I went into JWT validation thinking about it as one problem with one answer - decode the token, trust the claims, move fast. The deactivated-admin scenario is what split that into two different problems wearing the same costume.

Fast and slow validation aren't a spectrum from "less thorough" to "more thorough." They're answers to a more specific question: does this operation need to know about changes that happened after the token was issued? If no, local validation is not a compromise - it's the correct amount of checking. If yes, nothing short of asking the source of truth directly will actually be correct, and the latency cost is the price of that correctness, not a tax you're paying out of caution.

The 4-tier role hierarchy and the no-shared-database boundary both depend on getting this distinction right. A role system is only as trustworthy as the freshness of the check behind it. Building VaultPay's auth layer made it clear that "how fast should this check be" and "how correct does this check need to be" are two separate questions - and conflating them is how you end up with a deactivated admin who can still act like one.

This is the last post in the technical series for now. Auth secures identity. Consistency protects money in motion. Trust systems protect against unknown access. Idempotency protects against duplicate intent.
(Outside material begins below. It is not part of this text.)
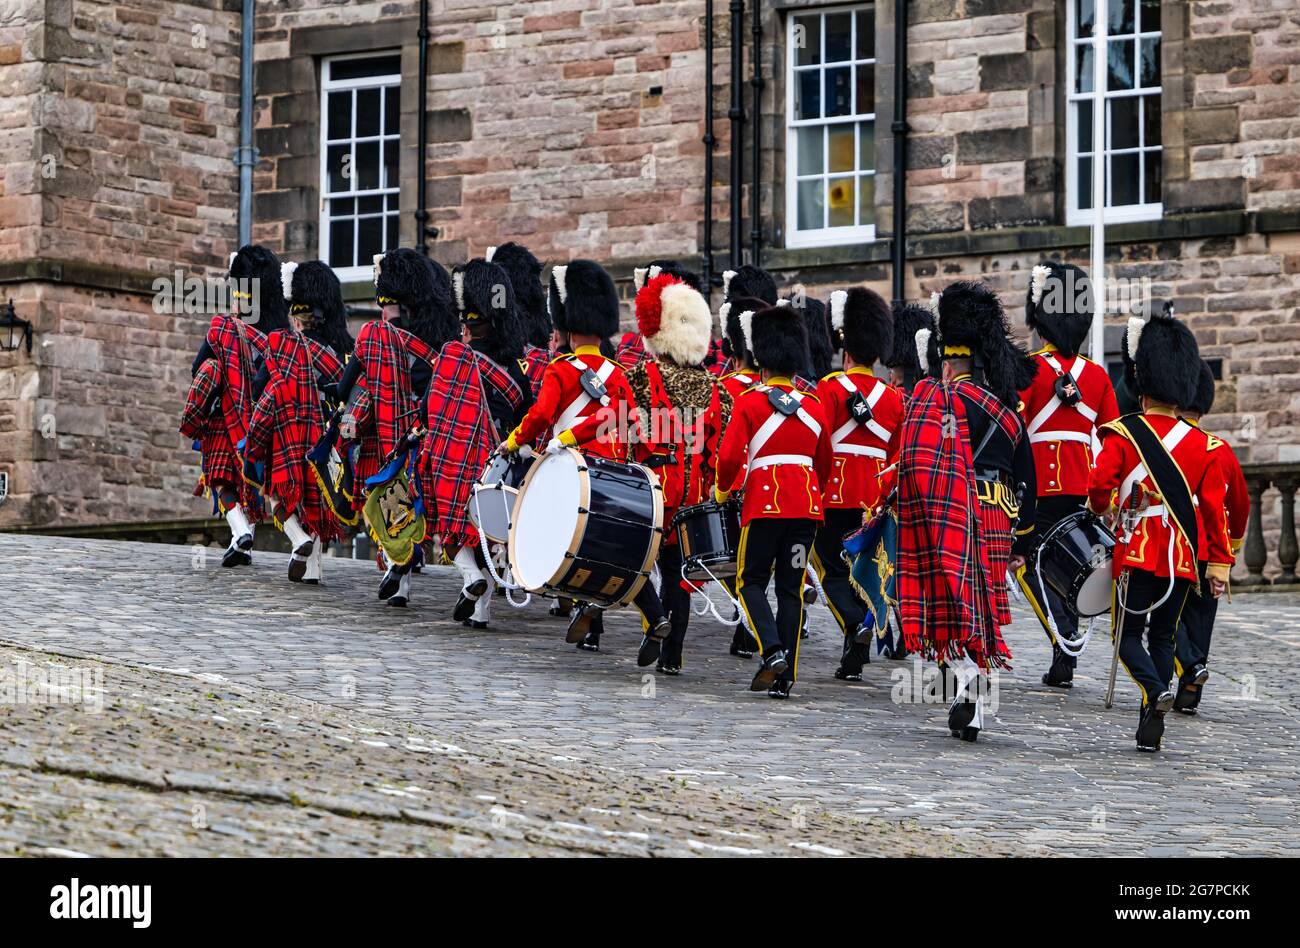 Royal Scots Guards Schottische Regimentsgruppe mit Dudelsack und Trommeln in Kilt-Uniformen marschieren vor Edinburgh Castle, Schottland, Großbritannien Stockfoto

Encryption and audit logs protect data people are trusting you with. And RBAC across two services protects the boundary between who someone was when they logged in and who they're allowed to be right now.

Every one of those is a different shape of the same underlying question: what does it actually mean for a system to be correct, not just functional.

Engineering docs + code samples: Vaultpay-Engineering

Top comments (1)

Pon • Jun 29

I'm taking the eventual-vs-strong framing with me -- that's the right axis, not sensitive-vs-not. One thing I'd poke at on the fast path: is_active in the JWT is frozen at issuance, so a deactivated admin still reads is_active=True there until the token expires. The Redis revocation check is what closes that window, which means the real load-bearing step is that deactivating a user in AuthShield writes the revocation entry synchronously, not just flips the DB column. If the table update lands but the revoke push lags or fails, your acceptable window stretches from seconds to whole-token-lifetime, and nothing in VaultPay can tell the difference. The strict path is immune because it asks the source; the fast path is only ever as fresh as that one write.